El president de la Generalitat, Pere Aragonès, y el líder del PSC, Salvador Illa, durante la firma del acuerdo para aprobar los presupuestos.

Lo que pasa en Barcelona afecta directamente a Madrid. Y viceversa. El acuerdo presupuestario alcanzado este miércoles entre el Partit dels Socialistes (PSC) y Esquerra Republicana (ERC) en la Generalitat no se entendería sin el papel que juegan los 13 diputados de ERC en el Congreso. De los republicanos depende gran parte de la estabilidad parlamentaria del Ejecutivo de coalición. Y el PSC ha querido desempeñar ese mismo rol en Cataluña, después de una década en la que cualquier pacto fuera del bloque independentista estaba absolutamente vetado.
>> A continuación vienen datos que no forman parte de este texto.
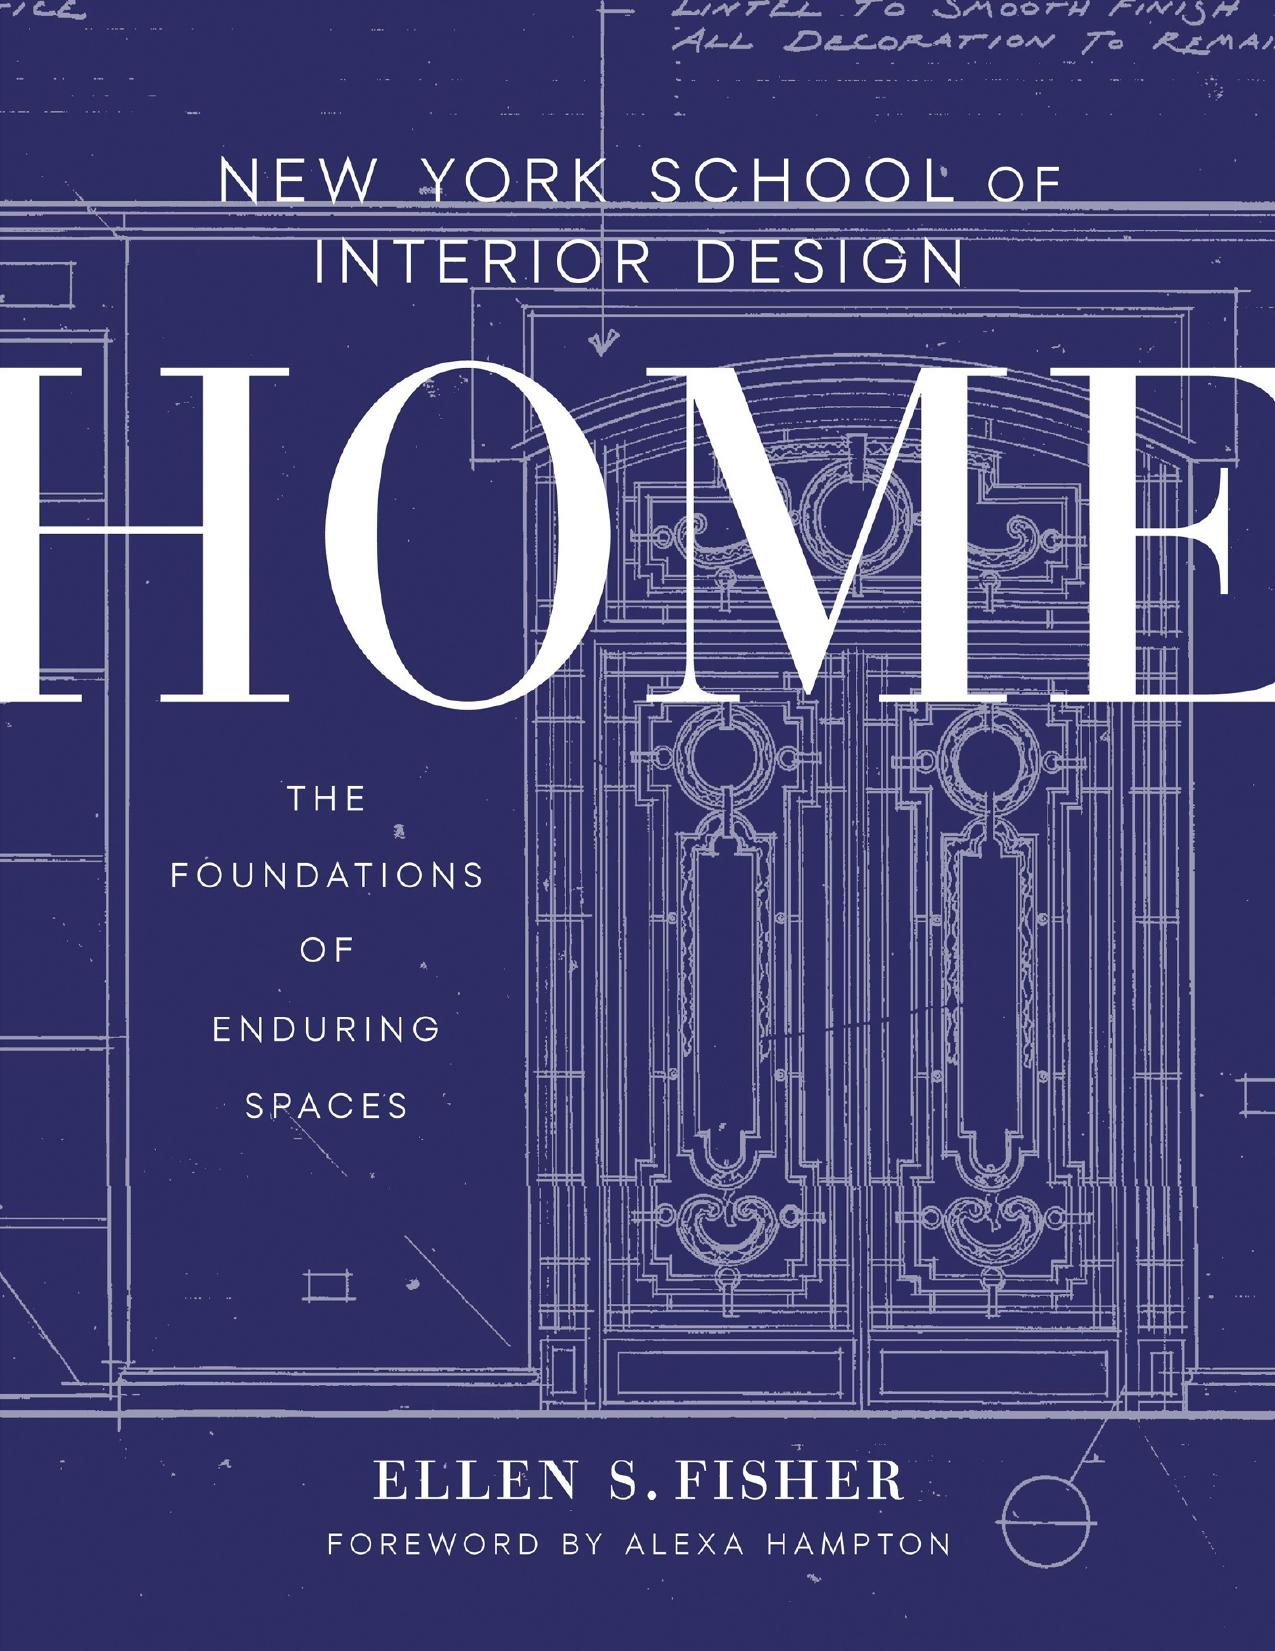 New York School of Interior Design: Home: The Foundations of Enduring Spaces - PDFDrive.com

“Con este acuerdo, Cataluña pasa de la inercia a la acción”, ha señalado el líder del PSC, Salvador Illa, tras pactar unas cuentas públicas cifradas en 41.000 millones de euros y con una inversión comprometida en más de 3.000 millones. Tras tres meses de negociación, ERC ha dado el visto bueno a las grandes infraestructuras que reclamaba el PSC como condición sine qua non, entre las que se incluye el desbloqueo del cuarto cinturón, la “modernización” del aeropuerto del Prat o el desarrollo del complejo de ocio del Hard Rock Café.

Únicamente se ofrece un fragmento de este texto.